I believe that the formula $7^n$ is incorrect. Let $f(n)$ be the number of rare subsets of $\{0,1,\dots,4n-1\}$ and $g(n)$ be the number of rare subsets such that they do not contain $4n-1$ or $4n-2$. Considering all cases of (not) containing elements $4n-4$, $4n-3$, $4n-2$, $4n-1$ we get \[ \begin{array}{l}f(n) = 6 f(n-1) + 2 g(n-1)\\g(n) = 3 f(n-1) + g(n-1)\end{array} \] Since the characteristic polynomial of the matrix $\left(\begin{matrix} 6 & 2\\ 3 & 1\end{matrix}\right)$ is $x^2-7x$, for $n>1$ we have $f(n) = 7 f(n-1)$ that together with $f(1)=8$ implies $f(n)=8\cdot 7^{n-1}$.

yes, you are correct the number is indeed $8\cdot 7^{n-1}$.

maxal wrote: I believe that the formula $7^n$ is incorrect. Let $f(n)$ be the number of rare subsets of $\{0,1,\dots,4n-1\}$ and $g(n)$ be the number of rare subsets such that they do not contain $4n-1$ or $4n-2$. Considering all cases of (not) containing elements $4n-4$, $4n-3$, $4n-2$, $4n-1$ we get \[ \begin{array}{l}f(n) = 6 f(n-1) + 2 g(n-1)\\g(n) = 3 f(n-1) + g(n-1)\end{array} \]Since the characteristic polynomial of the matrix $\left(\begin{matrix} 6 & 2\\ 3 & 1\end{matrix}\right)$ is $x^2-7x$, for $n>1$ we have $f(n) = 7 f(n-1)$ that together with $f(1)=8$ implies $f(n)=8\cdot 7^{n-1}$. Can anyone explain more on how did we get to recurrent relations?

Taha1381 wrote: maxal wrote: I believe that the formula $7^n$ is incorrect.

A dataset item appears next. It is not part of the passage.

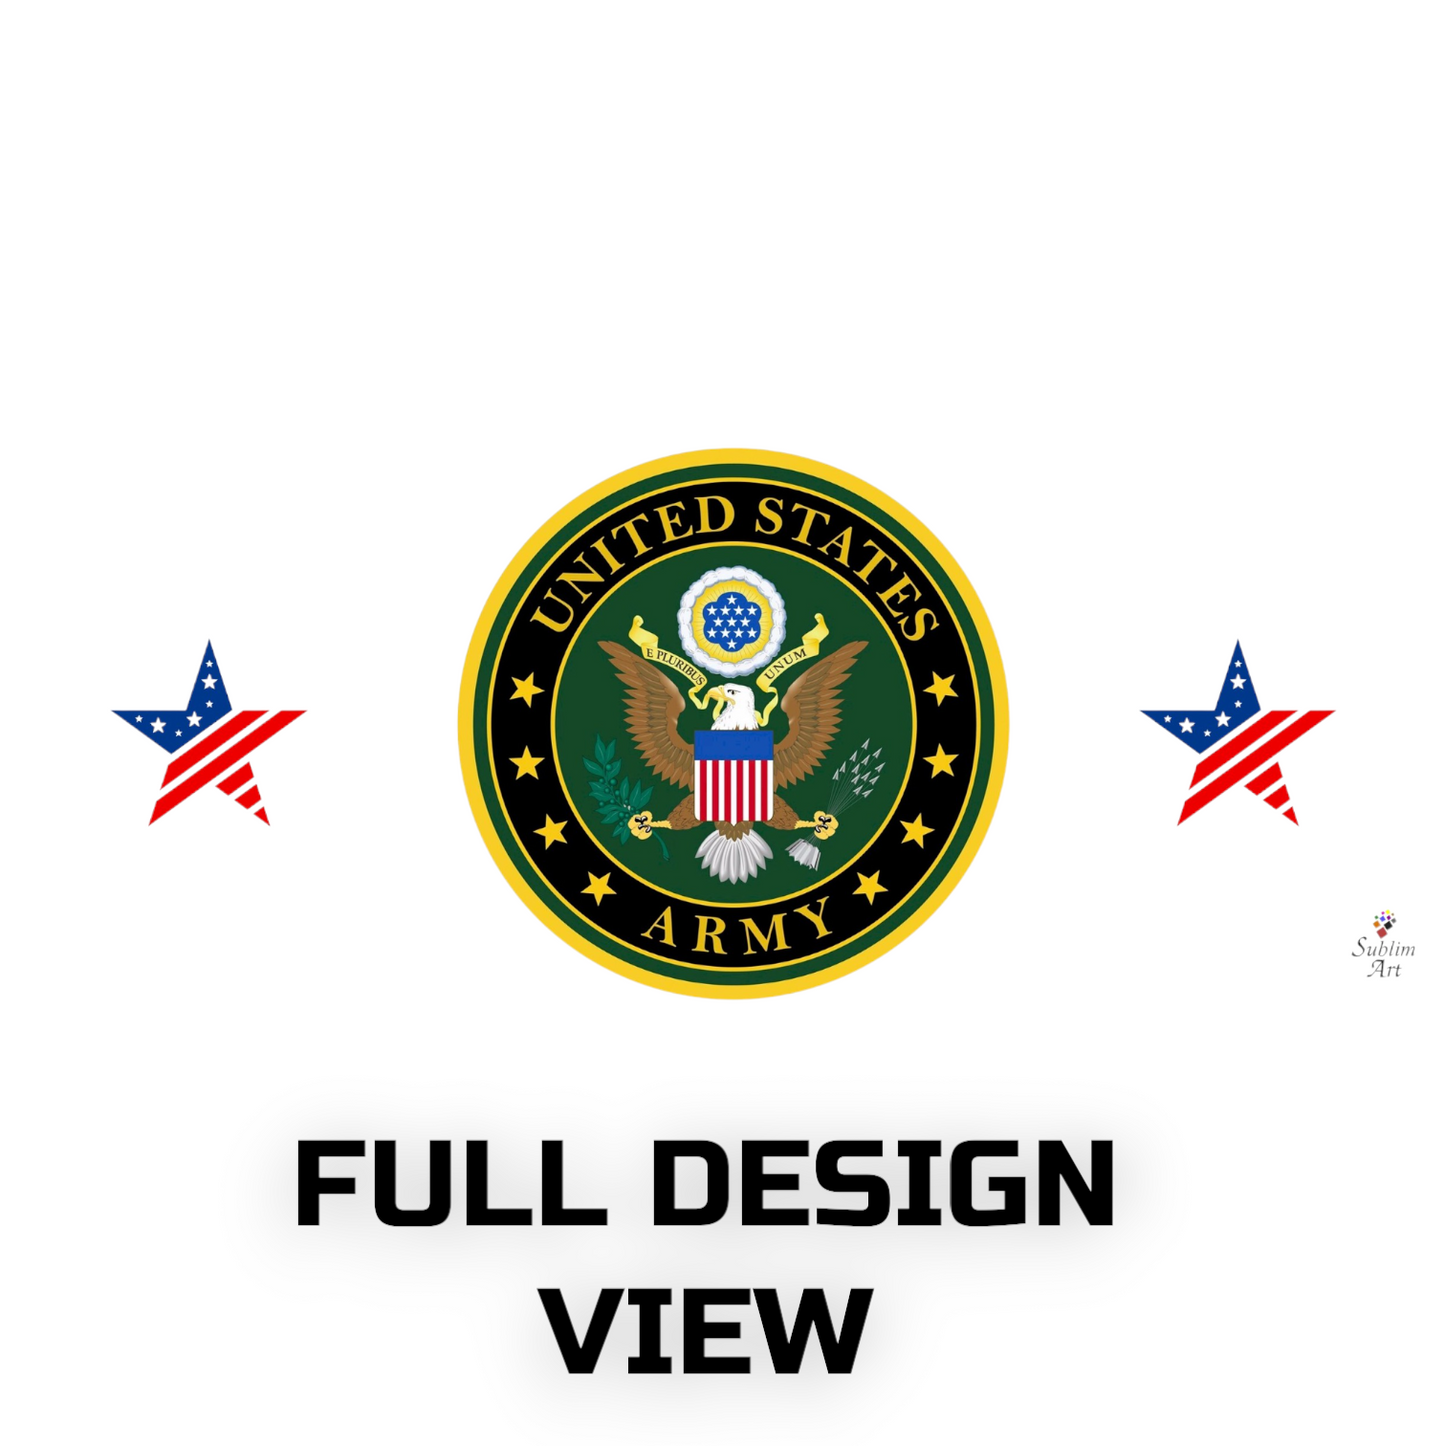 SUBLIMART: Veteran - Mug 'Department of the Navy' (Design #09)

Let $f(n)$ be the number of rare subsets of $\{0,1,\dots,4n-1\}$ and $g(n)$ be the number of rare subsets such that they do not contain $4n-1$ or $4n-2$. Considering all cases of (not) containing elements $4n-4$, $4n-3$, $4n-2$, $4n-1$ we get \[ \begin{array}{l}f(n) = 6 f(n-1) + 2 g(n-1)\\g(n) = 3 f(n-1) + g(n-1)\end{array} \]Since the characteristic polynomial of the matrix $\left(\begin{matrix} 6 & 2\\ 3 & 1\end{matrix}\right)$ is $x^2-7x$, for $n>1$ we have $f(n) = 7 f(n-1)$ that together with $f(1)=8$ implies $f(n)=8\cdot 7^{n-1}$. Can anyone explain more on how did we get to recurrent relations?